Suara.com - Penyintas narkoba jenis ganja mengaku setuju dengan wacana pemerintah soal pengguna narkotika yang tidak perlu dipenjara. Meski setuju, pemerintah harus memberi efek jera pada bandar.
Namun Afriandi--bukan nama sebenarnya, memberi catatan siapa saja yang tidak perlu dipenjara, atau harus dipenjara.
“Kalau pengguna baru, lebih baik jangan dipenjara. Misalkan dia pakai narkoba karena sedang ada masalah keluarga dan lainnya,” katanya, saat ditemui Suara.com, Senin (18/11/2024).
“Namun, kalau memang dia pencandu perlu diambil tindakan. Apalagi kalau dia bandar,” tambahnya.
Baca Juga: Atasi Overkapasitas Lapas, Yusril Sebut Ada Pembahasan Pengguna Narkotika Tak Dipenjara
Afriandi mengatakan saat dirinya kuliah banyak temannya yang terjerumus narkotika akibat coba-coba. Termasuk dirinya yang sempat menggunakan narkotika jenis ganja secara rutin.
Faktor lingkungan yang membuatnya menjajal menggunakan ganja. Selain itu, ganja mudah didapat dari teman-teman kampusnya.
“Dulu sempat pakai ganja waktu masih kuliah, memang ada teman yang stok. Tapi setelah lulus berhenti sendirinya,” ungkapnya.
Selama dirinya menggunakan ganja, dia tidak merasa kecanduan. Ia juga tidak pernah merasakan sakau.
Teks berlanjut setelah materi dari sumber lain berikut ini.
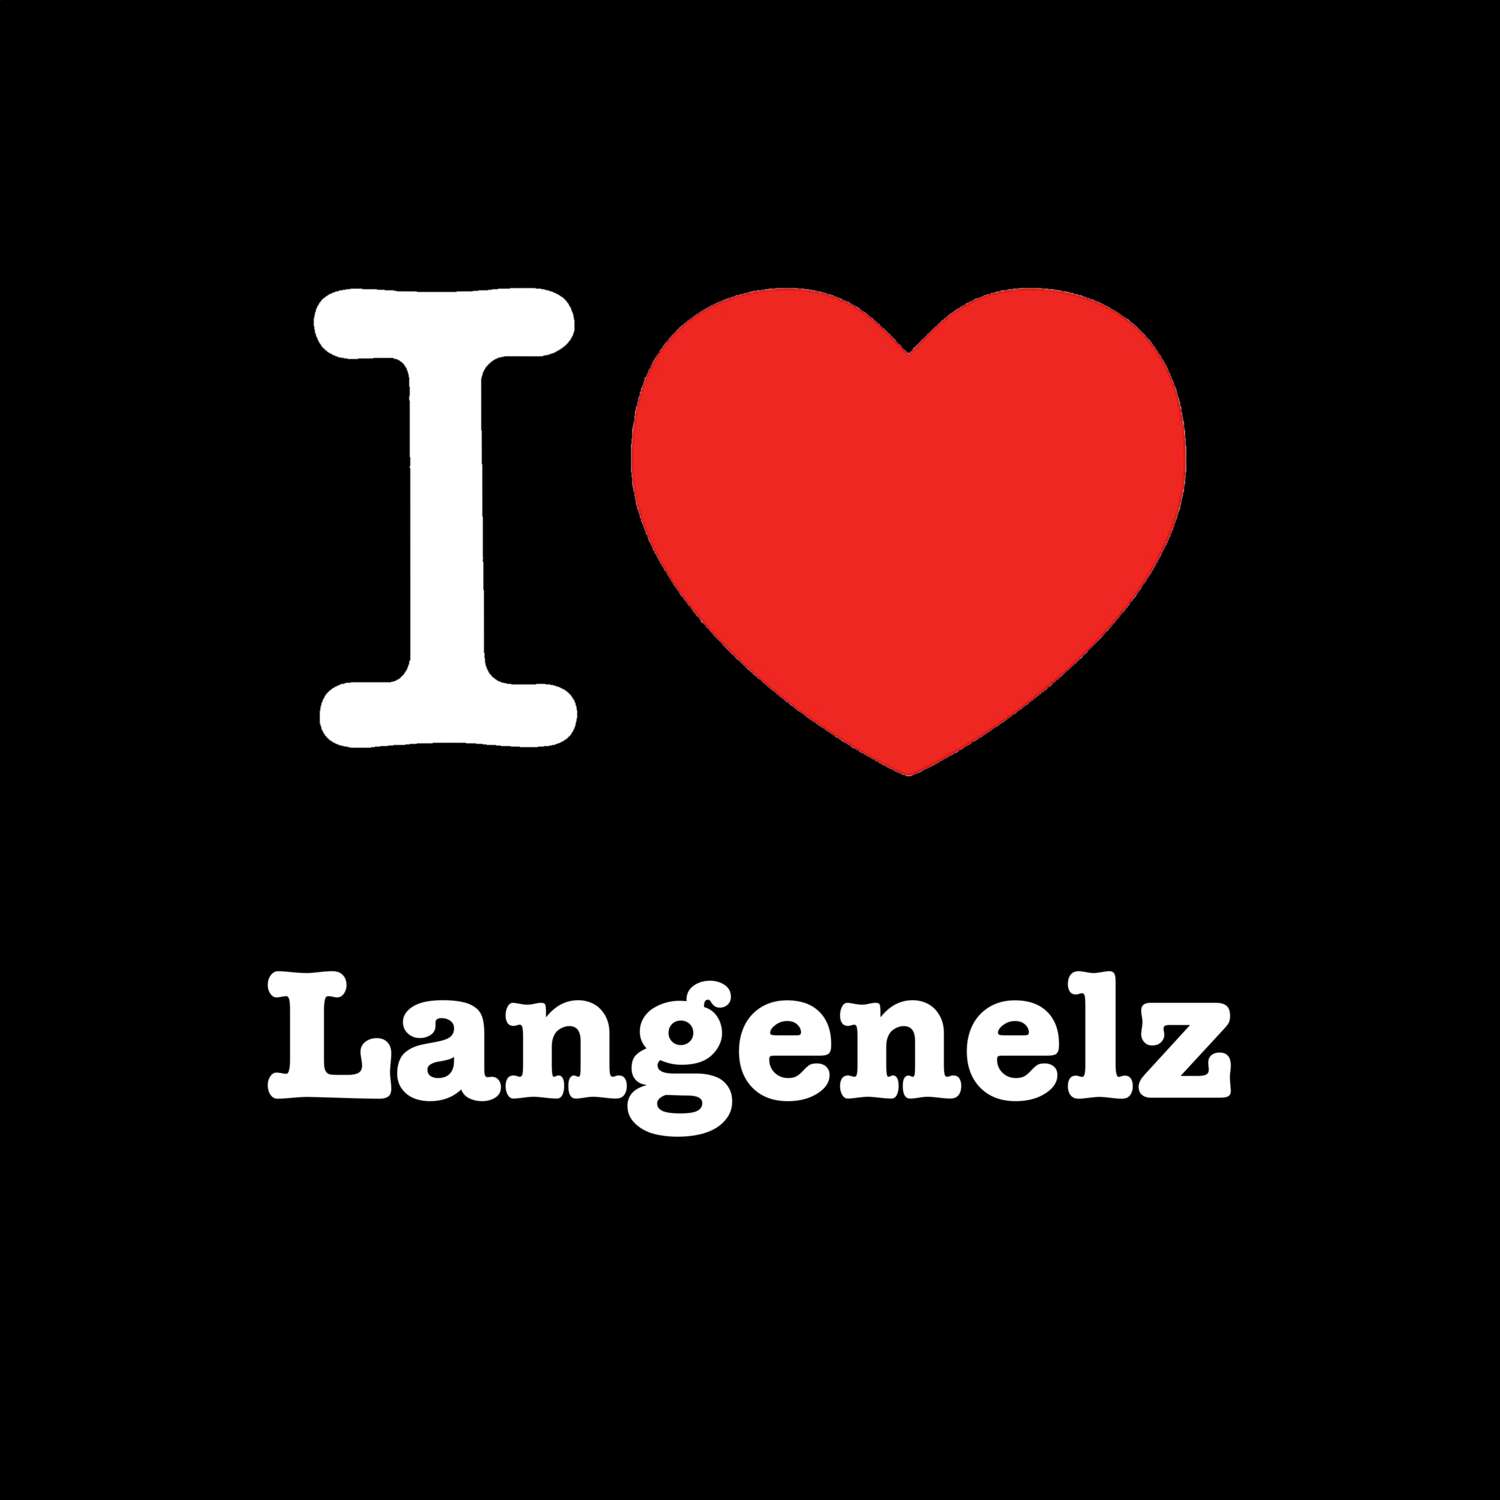 Langenelz T-Shirt »I love«

“Biasa aja, gak pernah sakau. Artinya kalau ada di tongkrongan ya hisap, kalau gak ada ya gak dicari,” ungkapnya.
Baca Juga: Ceritakan Pengalaman Tertangkap karena Narkoba, Cara Bicara Epy Kusnandar Jadi Sorotan
Dia kemudian mengaku setuju dengan wacana pemerintah dengan tidak perlu memenjarakan pengguna narkoba lantaran banyak temannya yang sekedar iseng menggunakan malah jadi korban tangkap.
“Kasian aja, cuma iseng malah dipenjara,” pungkasnya.
Lagi Dikaji
Sebelumnya Komisi XIII DPR RI akan mendalami soal aturan kemungkinan hanya memenjarakan bandar dan pengedar narkoba ke pemerintah. Sementara para pemakai narkoba disebut tak perlu ditahan atau dipenjara.
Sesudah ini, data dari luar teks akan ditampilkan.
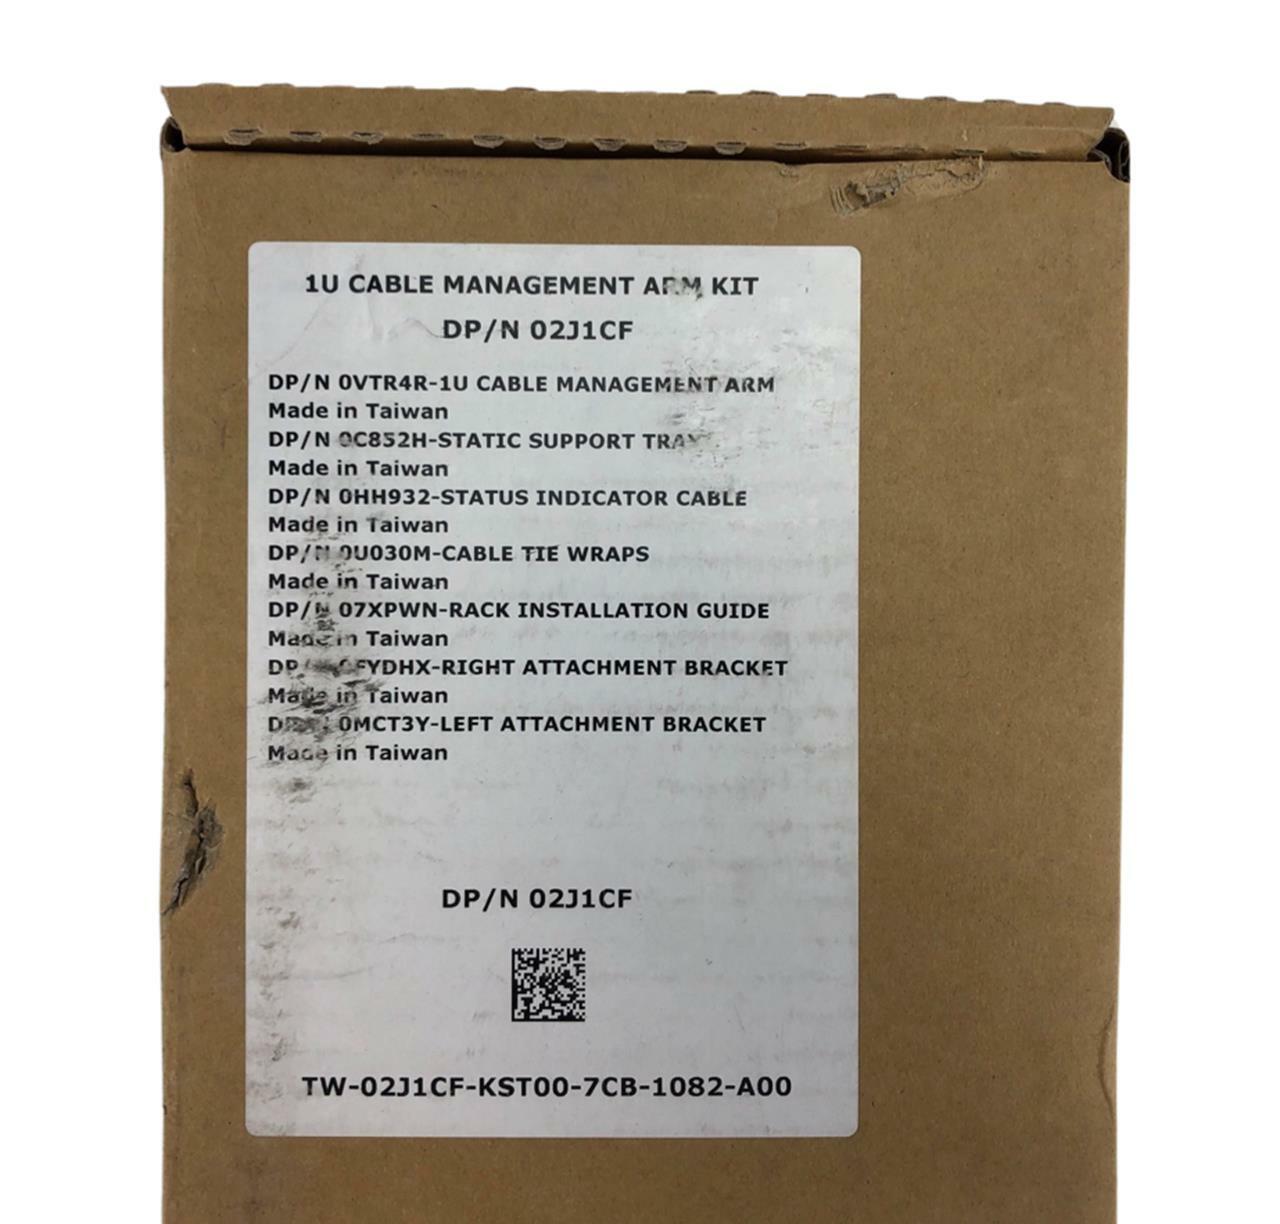 NEW - Open Box - Dell PowerEdge 1U 02J1CF Cable Management Arm Kit

Hal itu disampaikan Ketua Komisi XIII DPR RI saat ditanya soal kabar jika Presiden Prabowo Subianto sedang mengkaji memberikan 'pengampunan' bagi para narapidana narkoba.
"Ya, itu kan di dalam undang-undang psikotropika dan narkotika yang carry over itu juga jadi point. Di undang-undang pemasarakatan juga sama. Harusnya yang ditahan, dihukum, dibina itu cuma pengedar," kata Willy di Kompleks Parlemen, Senayan, Jakarta, dikutip Sabtu (16/11/2024).
"Yang pemakai itu tidak. Nah kita lihat nanti maksud Pak Presiden seperti apa, apakah yang seperti ini. Kalau seperti itu sudah sesuai dengan spirit dua undang-undang itu," sambungnya.
Nantinya DPR akan melakukan verifikasi mengenai wacana tersebut kepada pemerintah dalam hal ini Menteri Hukum dan Menteri Imigrasi dan Pemasyarakatan.
"Apa yang diinginkan kalau itu sesuai dengan hanya pemakai. Itu berarti sesuai dengan spirit undang-undang psikotropika, narkotika dan undang-undang pemasarakatan itu sendiri. Artinya itu kan dalam koridor spirit hukum yang dibangun itu restoratif justice itu yang di kedepankan," ujarnya.
Untuk itu pihaknya mengaku akan mendalami soal wacana tersebut dalam rapat kerja bersama dengan pemerintah. Terlebih juga akan mendalami salah satunya lewat Panitia Kerja (Panja) Pemasyarakatan yang akan dibentuk.
"Jadi ke depan Komisi 13 bakal ada rapat untuk mengundang untuk salah satunya bertanya. Nanti di dalam panja salah satunya itu. Tapi nanti bisa kita dalami juga dalam rapat kerja juga bisa kita dalami hal-hal seperti itu," katanya.
"Kalau itu untuk pemakai ya, heavy-nya memang itu kan jatuhnya kalau dalam undang-undang psikotropika dan narkotika itu pemakai itu kan jatuhnya orang sakit. Bukan ke lapas, bukan ke rutan tapi ke dokter gitu. Nah itu yang kemudian jadi titik fokus dari undang-undang itu," sambungnya.